Lo scrivo subito, tanto per evitare fraintendimenti: trovo
squallido il tentativo di beatificare a reti unificate Benedetto Craxi detto
Bettino.
Il mondo della politica, subito spalleggiata da quel
giornalismo sempre prono al potere, si è dato un gran daffare in questi ultimi
anni per riabilitare un politico che, è giusto ricordarlo, non è morto da
esule, ma da fuggitivo, non era in un luogo sperduto perché mandato via da
chissà quali decisioni politiche, ma era per sua scelta, quella di sfuggire
alla Giustizia, in un luogo dove le persone normali, quelle che lavorano tutto
l’anno e pagano abbondanti tasse, possono permettersi di fare una settimana di
vacanza all’anno, se tutto va bene.
Bettino Craxi è entrato ufficialmente in politica a 22 anni
e ha cavalcato le sue, certamente valide, qualità per fare carriera fino a
diventare Presidente del Consiglio negli anni ’80.
Non è certo questo suo successo quello che fa arrabbiare:
probabilmente ha saputo governare meglio di molti altri prima di lui e dopo di
lui…il problema è che dal 1956, anno della sua entrata ufficiale in politica,
fino al 1993, anno della sua fragorosa caduta, ha attraversato quasi 4 decenni
ai vertici di quell’establishment di cui è diventato una figura iconica,
incarnandone il potere e le contraddizioni.
Dotato di una personalità forte al limite dell’arroganza, è
stato più di ogni altro un simbolo di quel sistema di tangenti che ha spolpato
l’Italia fino a quel 17 febbraio 1992, quando l’arresto dell’ingegner Mario
Chiesa scoperchiava tutto l’universo di ruberie che è stato definito
“Tangentopoli”.
Craxi fu in prima linea nel difendere il proprio partito
definendo lo stesso Chiesa come “Un mariuolo che getta un'ombra su tutta
l'immagine di un partito” (Craxi, TG3, 3 marzo 1992), ma ben presto il
coinvolgimento dell’intero mondo politico lombardo e poi italiano non risparmiò
neppure i socialisti.
Fu a quel punto che il “Grande Statista”, sentendosi in
trappola, tentò l’all-in richiedendo al Presidente della Repubblica la guida
del governo a seguito delle elezioni del ’92: fortuna per l’Italia che il Capo
dello Stato era un uomo tutto d’un pezzo come Oscar Luigi Scalfaro, il quale
rifiutò di cedere la guida del Paese a chi era troppo vicino agli inquisiti.

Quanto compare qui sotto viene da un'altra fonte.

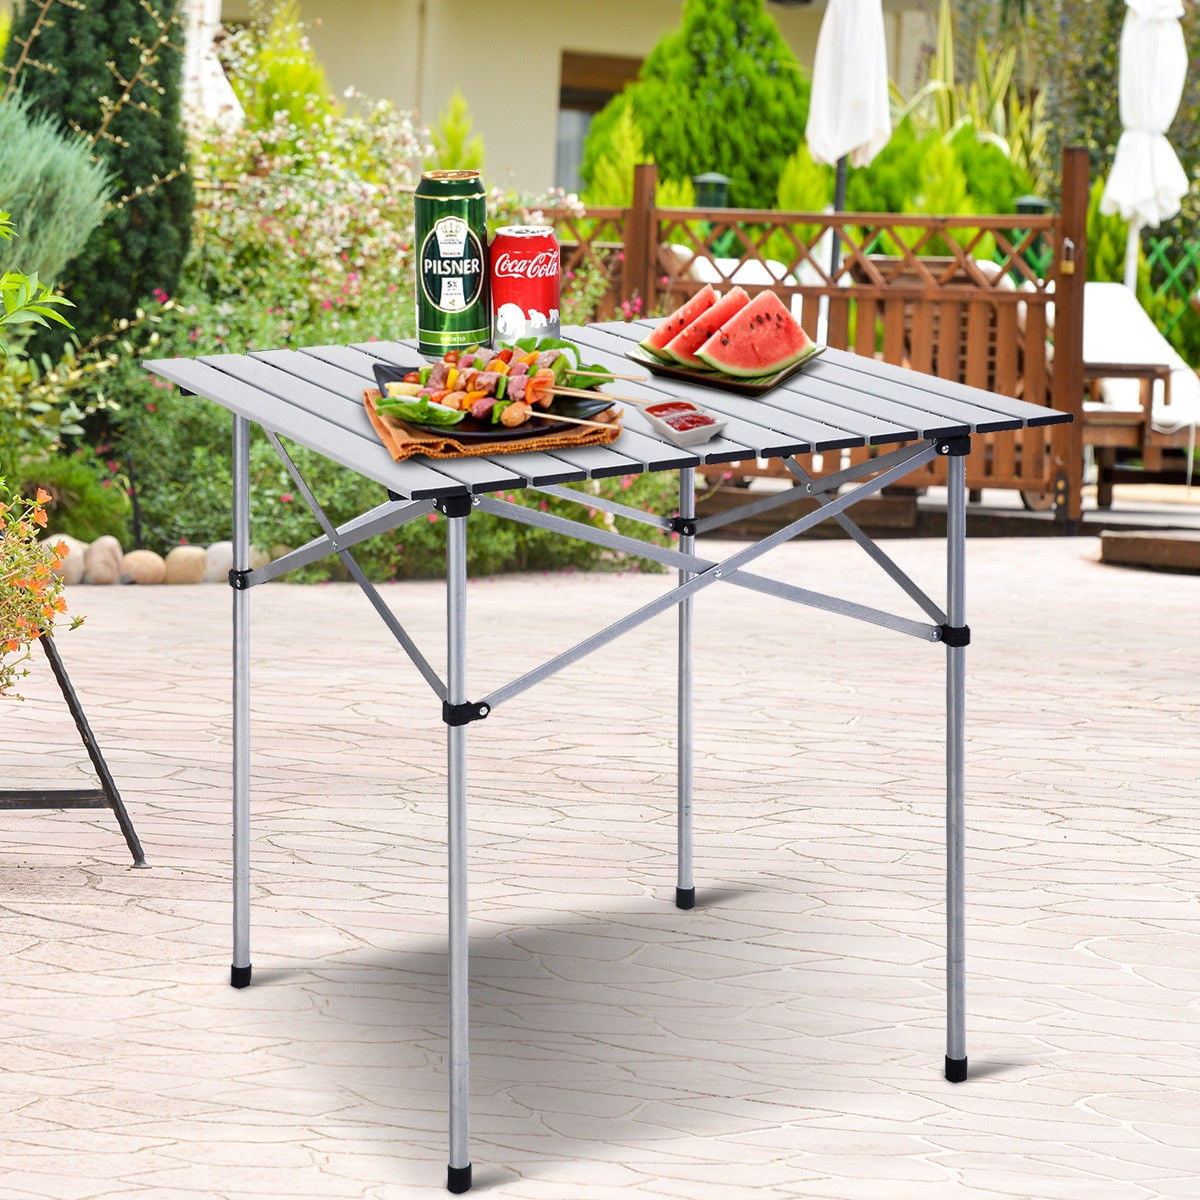 Roll-Up Portable Folding Table Camping Desk Indoor Outdoor BBQ Picnic Table 
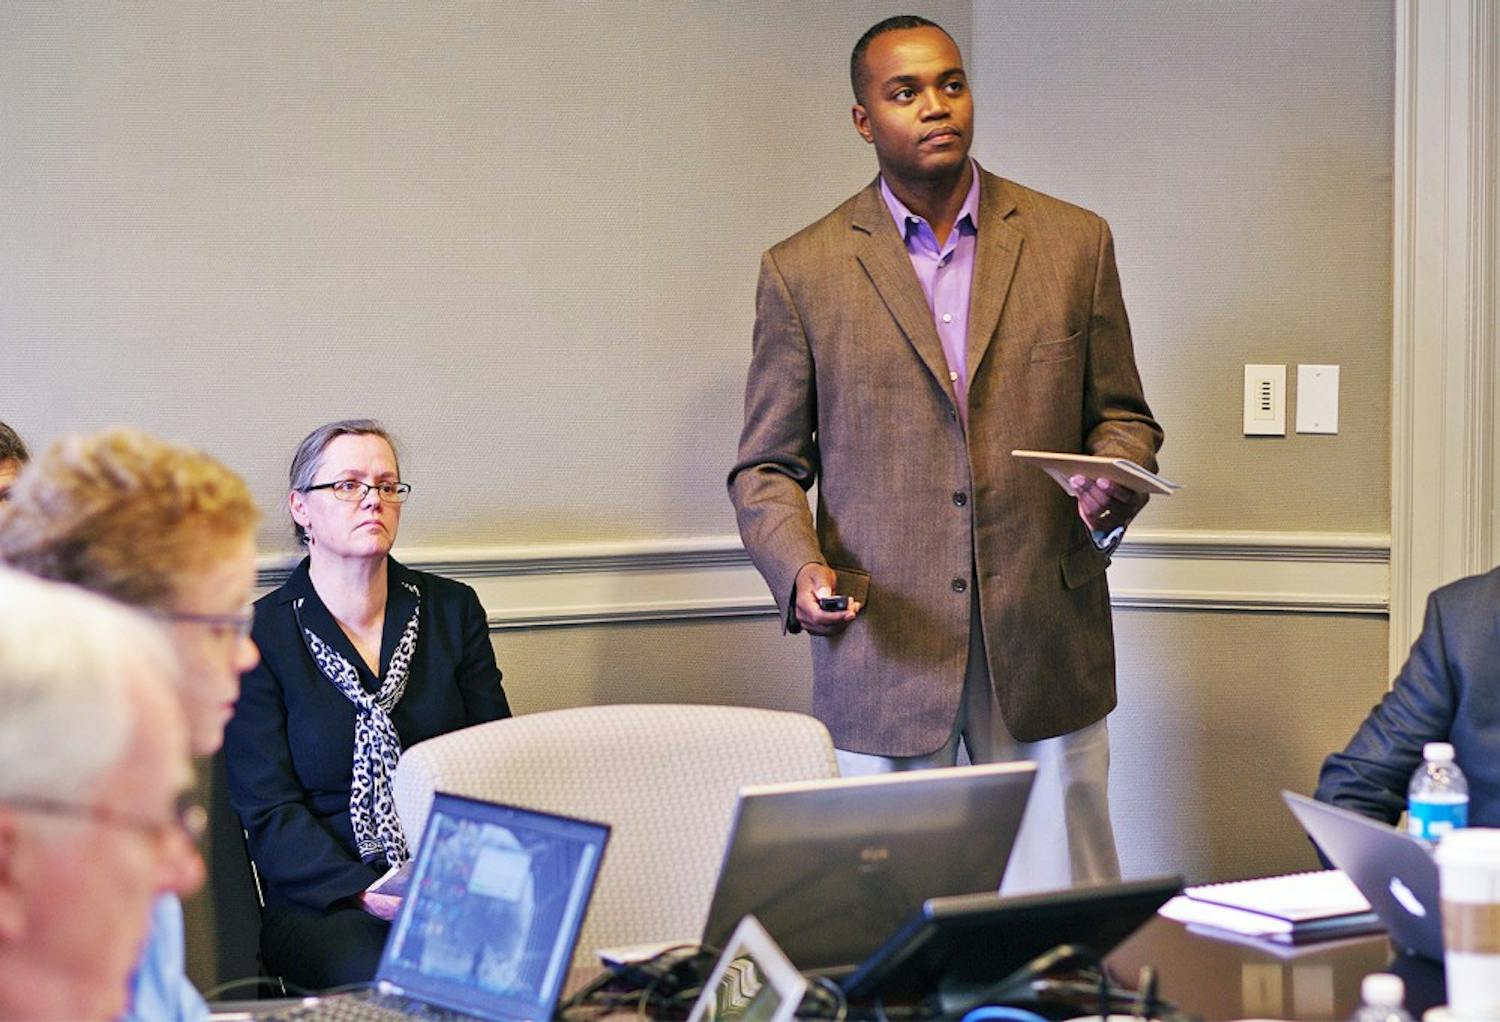 Associate Professor at North Carolina Central University Antonio Baines (right), speaks at the Faculty Executive meeting on Monday.

Craxi, tentò allora un colpo di coda, denunciando la
correità dell’intero Parlamento sui fatti di Tangentopoli, costruendo su di sé
una figura duplice: quella di uno statista coraggioso che ha la forza,
denunciando tutti gli altri, di mettersi più “dalla parte del popolo
inferocito”, ma anche quella di chi sfida la Magistratura ad arrestare tutti i
colpevoli forte di una supposta intoccabilità, quella stessa Magistratura che
Craxi attaccò pesantemente in un tentativo di screditarla agli occhi
dell’opinione pubblica.
Le sue fortune, però, stavano per scemare presto e
l’umiliante lancio delle monetine fuori dall’Hotel Raphael fu il suo addio alla politica, che significò anche l’addio alla
sua immunità parlamentare.
Il 12 maggio 1994 gli venne
ritirato il passaporto per pericolo di fuga, ma era già troppo tardi perché
Craxi, si seppe solo il 18, era già in Tunisia ad Hammamet, protetto
dall'amico Ben Alì (il presidente
tunisino che prese il potere con un colpo di Stato e restò in sella per 23
anni, spodestato solo dalla Rivoluzione dei Gelsomini del 2011); già il 5 maggio era stato avvistato a Parigi, dato che inizialmente era intenzionato a chiedere asilo politico alla Francia.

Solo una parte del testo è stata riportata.